Study

RFA accuses Big Oil of 'far from factual' E15 test results

Renewable Fuels Association (RFA) is adding to its campaign arsenal to block Big Oil from winning the E15 battle. This time it's going with debate tactics.

Kristy Moore, vice president of technical services at RFA, posted on the association's blog a detailed list the "far from factual" items in the Coordinating Research Council's engine durability study. The American Petroleum Institute (the leading Big Oil association) has used the CRC study to convince the public and courts that blended gasoline with 15 percent ethanol (E15) is very bad for engines.

Moore presented a chart from the study and referenced API/CRC press releases to throw out a couple of damaging statistics – 33 percent of the tested vehicles failed on gasoline with no ethanol; and 75 percent of the eight vehicle models tested passed on E20, yet somehow one of the duplicate models failed.
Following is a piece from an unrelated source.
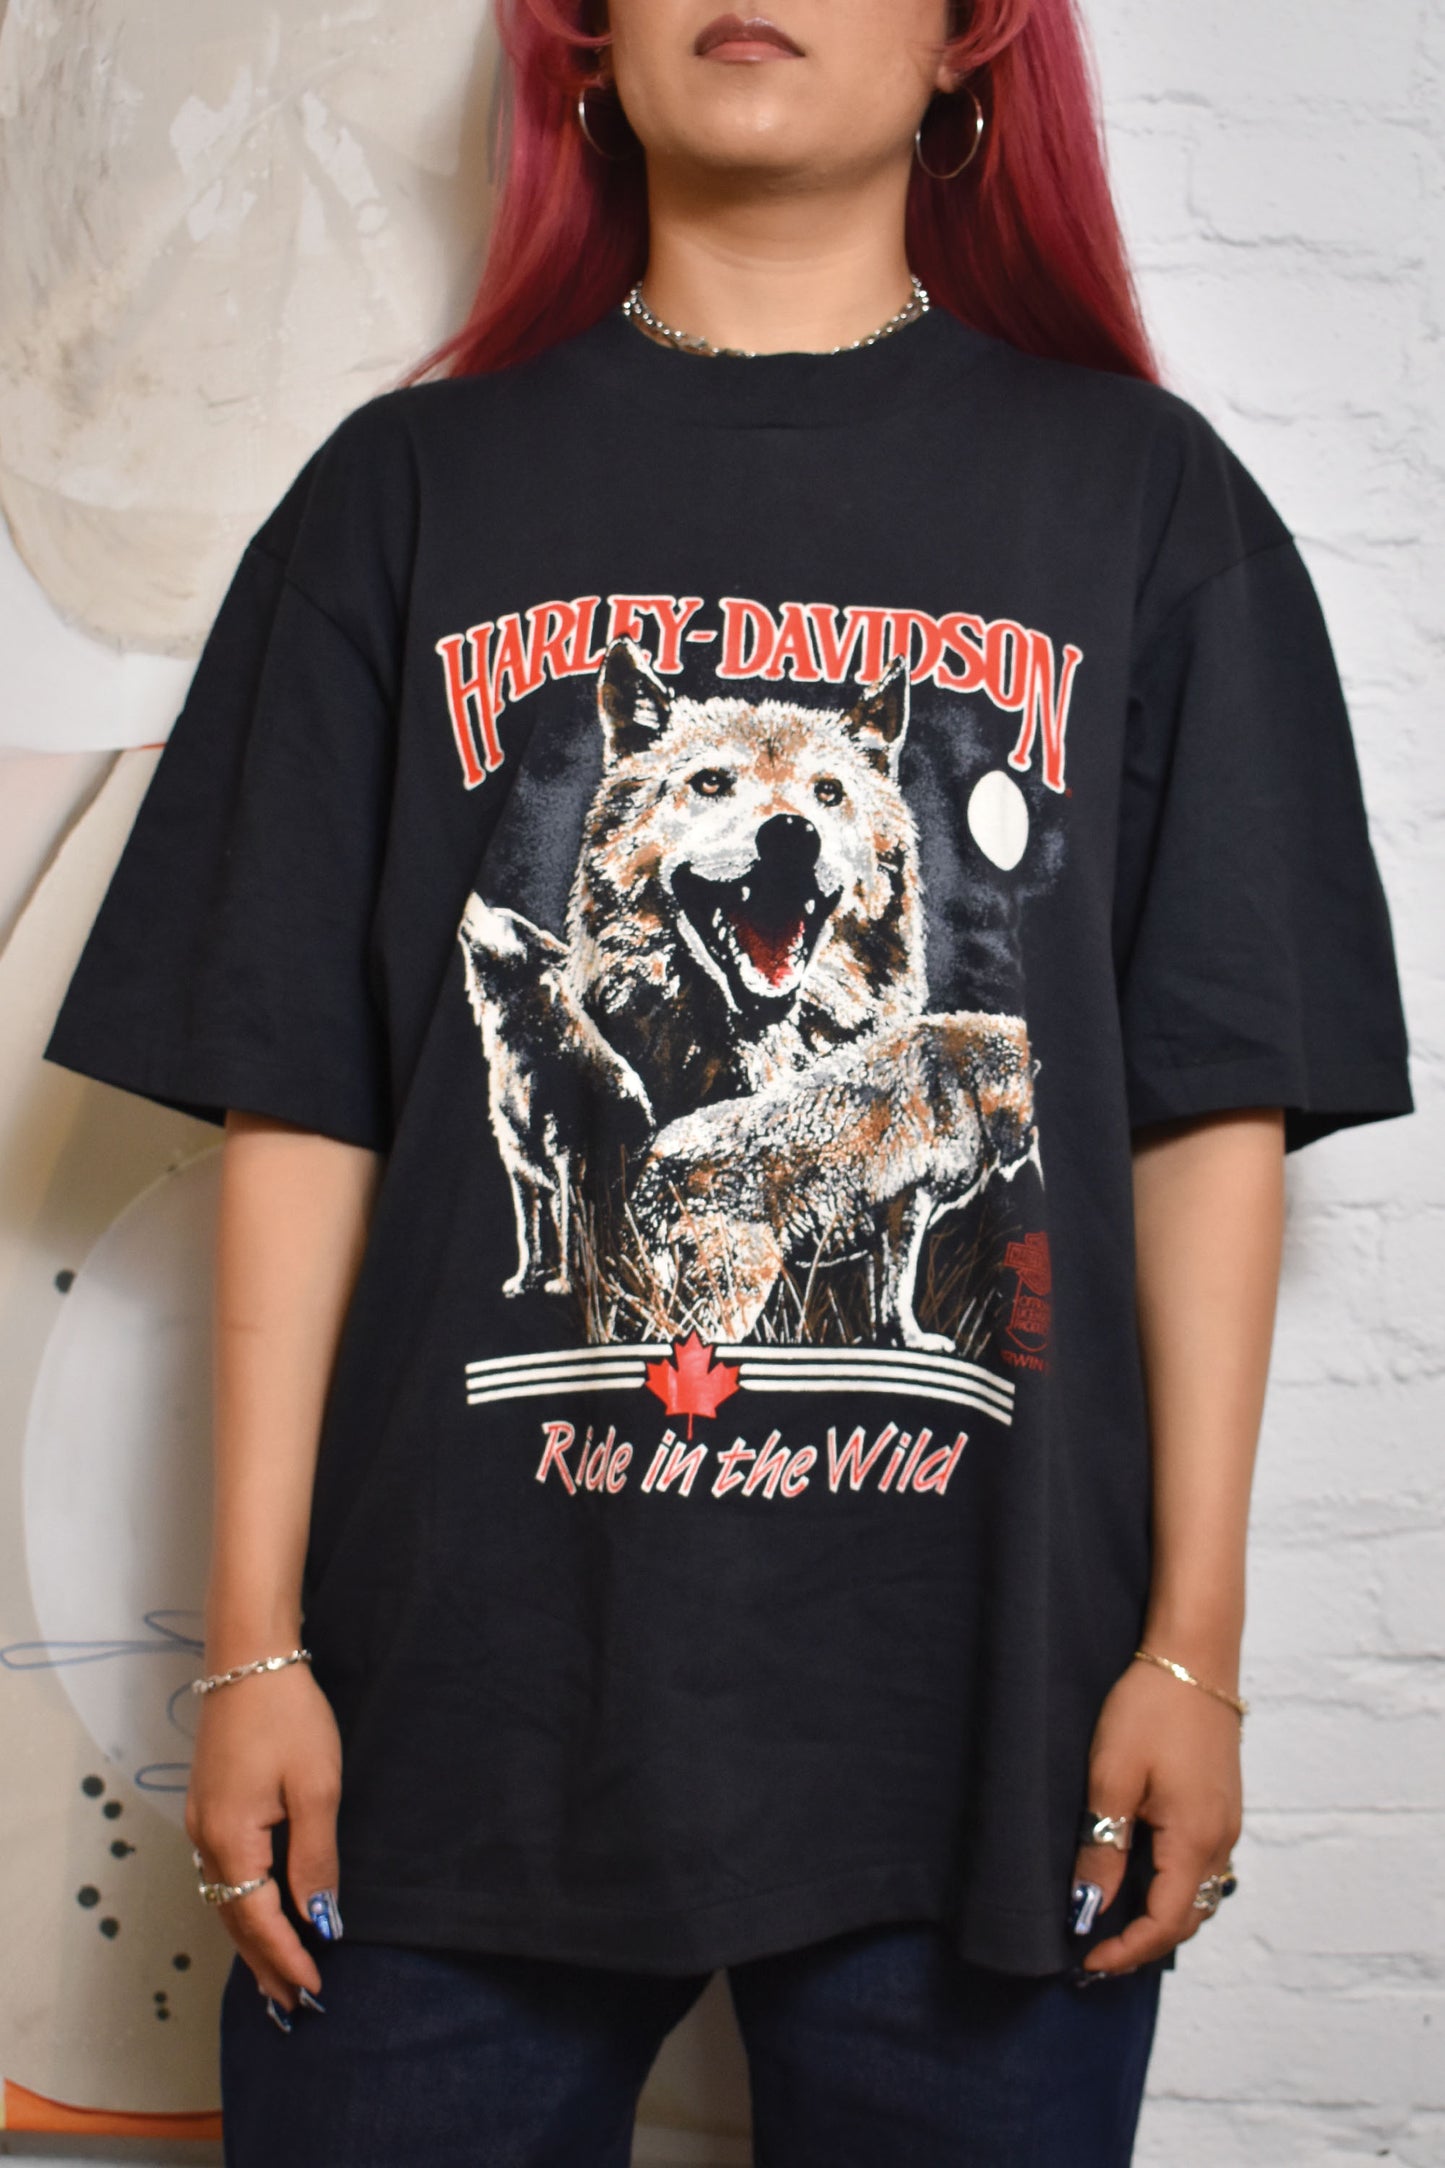 Vintage 1990s "Harley Davidson Irwin" T-shirt

Moore said the US Department of Energy confirmed that the test protocol used by API was highly speculative. The RFA didn't participate in the API study because the protocals and pass/fail criteria were questionable, the vehicles in the study were geared to provoke engine failures, and the test fuels included weren't accurate. "In my assessment, the RFA and government agencies didn't want to participate simply because they didn't want to waste taxpayer money on political science," Moore wrote.